Gustafsdottir Sigrun M, Nordengrahn Ann, Fredriksson Simon, Wallgren Per, Rivera Esteban, Schallmeiner Edith, Merza Malik, Landegren Ulf
The Beijer Laboratory, Department of Genetics and Pathology, Rudbeck Laboratory, Uppsala, Sweden.
Clin Chem. 2006 Jun;52(6):1152-60. doi: 10.1373/clinchem.2005.065847.
Nucleic acid amplification allows the detection of single infectious agents. Protein-based assays, although they provide information on ongoing infections, have substantially less detection sensitivity.
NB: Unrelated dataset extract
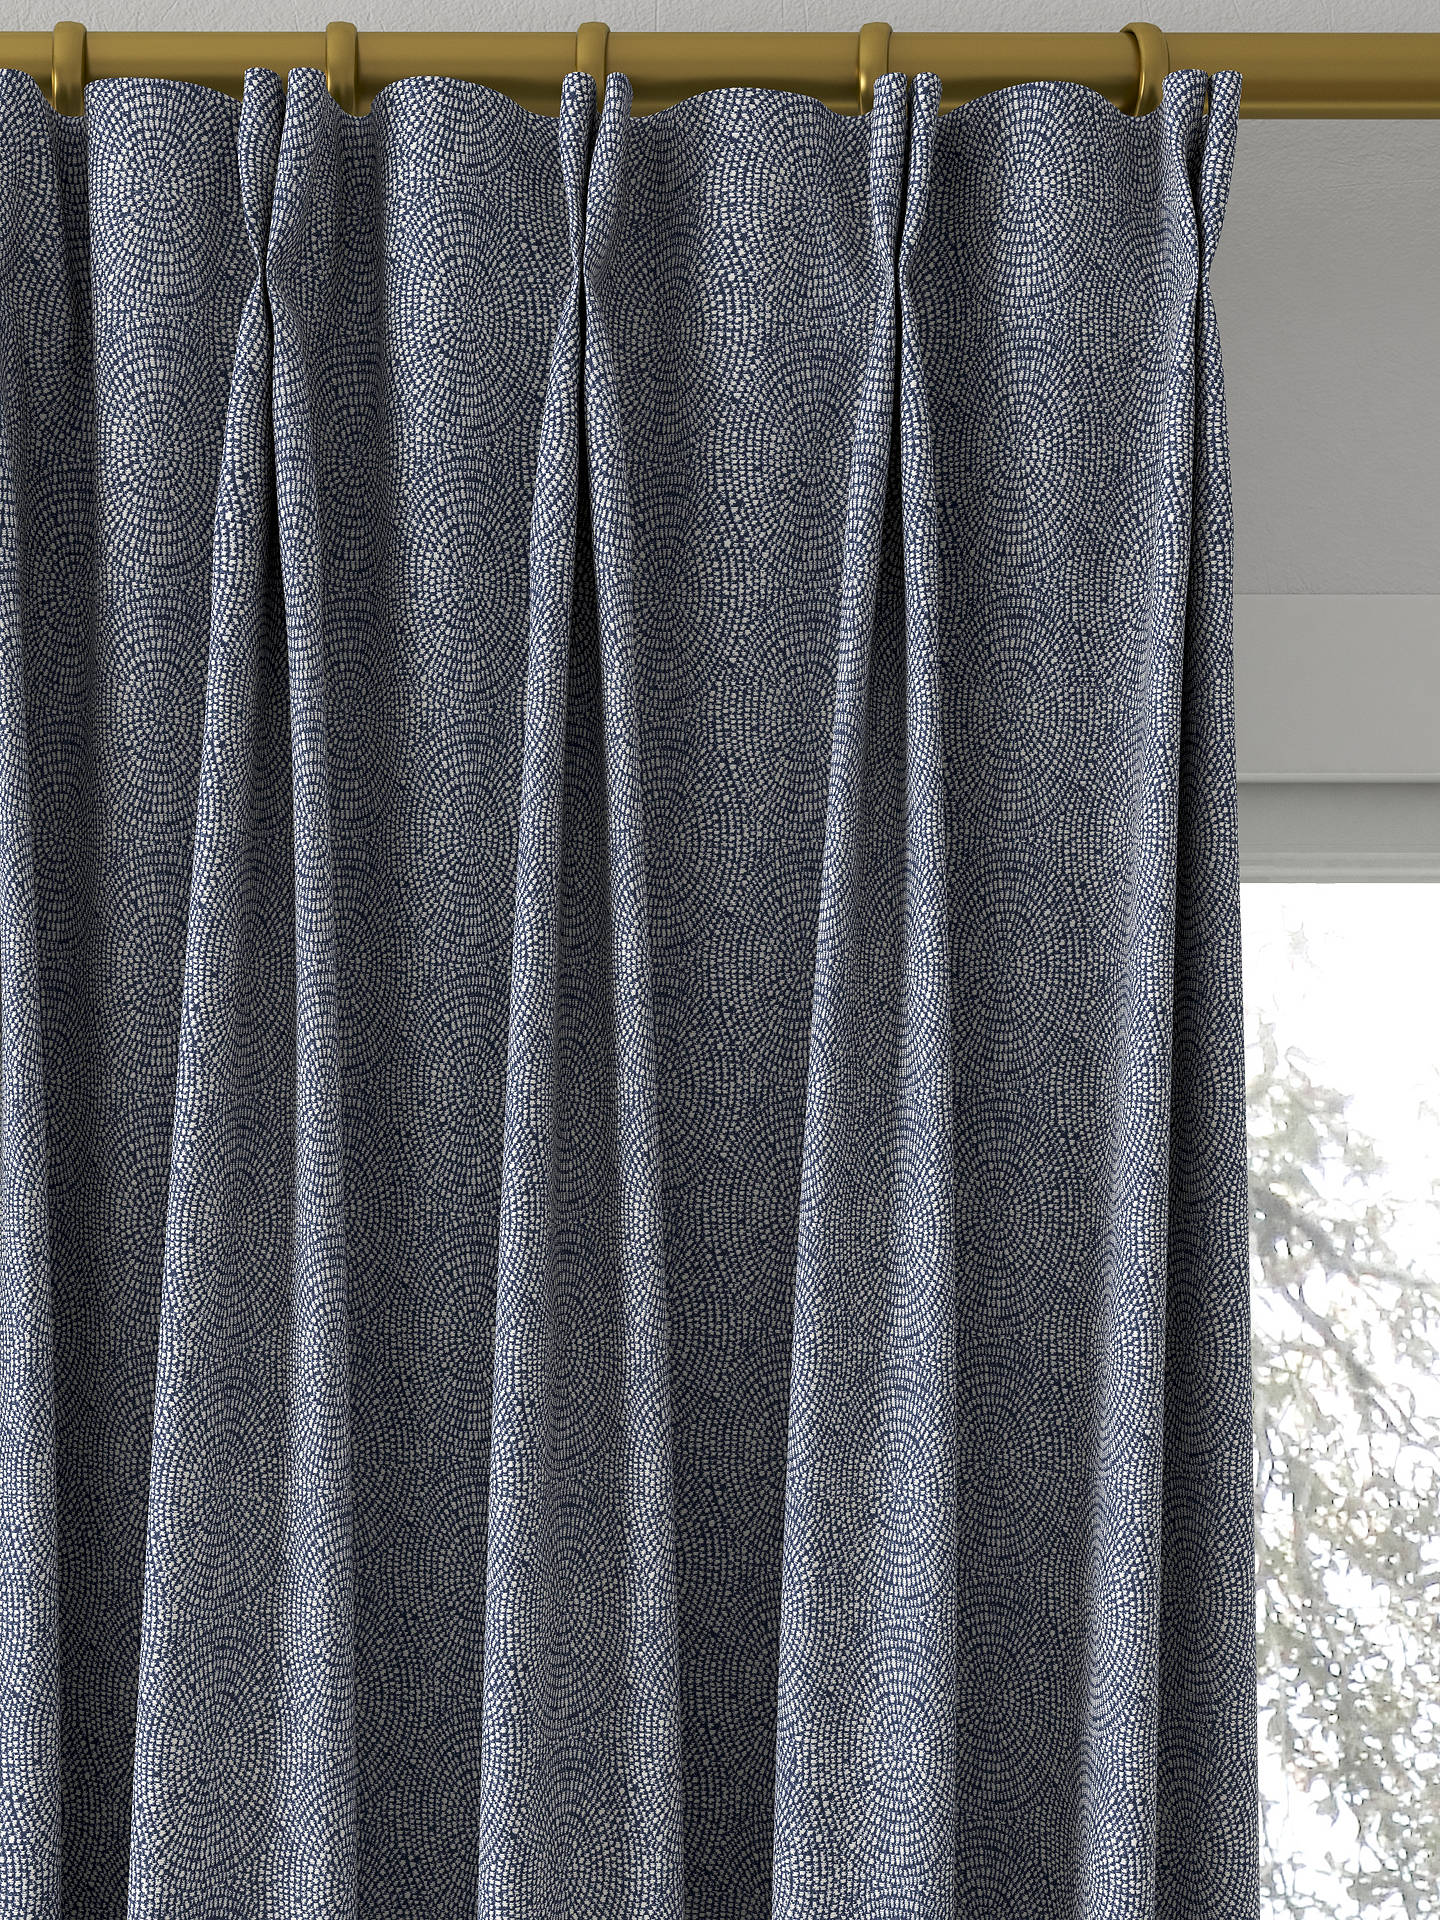 Prestigious Textiles Endless Made to Measure Curtains, Royal

We used proximity ligation reactions to detect proteins on bacteria and virus particles via nucleic acid amplification. Antibodies recognizing viral or bacterial surface proteins were equipped with DNA strands that could be joined by ligation when several antibodies were bound in proximity to surface proteins of individual infectious agents.
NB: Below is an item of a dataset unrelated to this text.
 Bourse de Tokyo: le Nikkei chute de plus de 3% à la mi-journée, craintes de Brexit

Detection sensitivities similar to those of nucleic acid-based detection reactions were achieved directly in infected samples for a parvovirus and an intracellular bacterium.
This method enables detection of ligated DNA strands with good sensitivity by real-time PCR and could be of value for early diagnosis of infectious disease and in biodefense.
核酸扩增可检测单个感染因子。基于蛋白质的检测方法虽然能提供有关正在进行的感染的信息,但其检测灵敏度要低得多。
我们利用邻近连接反应,通过核酸扩增来检测细菌和病毒颗粒上的蛋白质。识别病毒或细菌表面蛋白的抗体配备有DNA链,当多个抗体靠近单个感染因子的表面蛋白结合时,这些DNA链可通过连接反应连接在一起。
对于细小病毒和一种细胞内细菌,在感染样本中直接实现了与基于核酸的检测反应相似的检测灵敏度。
该方法能够通过实时PCR以良好的灵敏度检测连接的DNA链,在传染病的早期诊断和生物防御方面可能具有价值。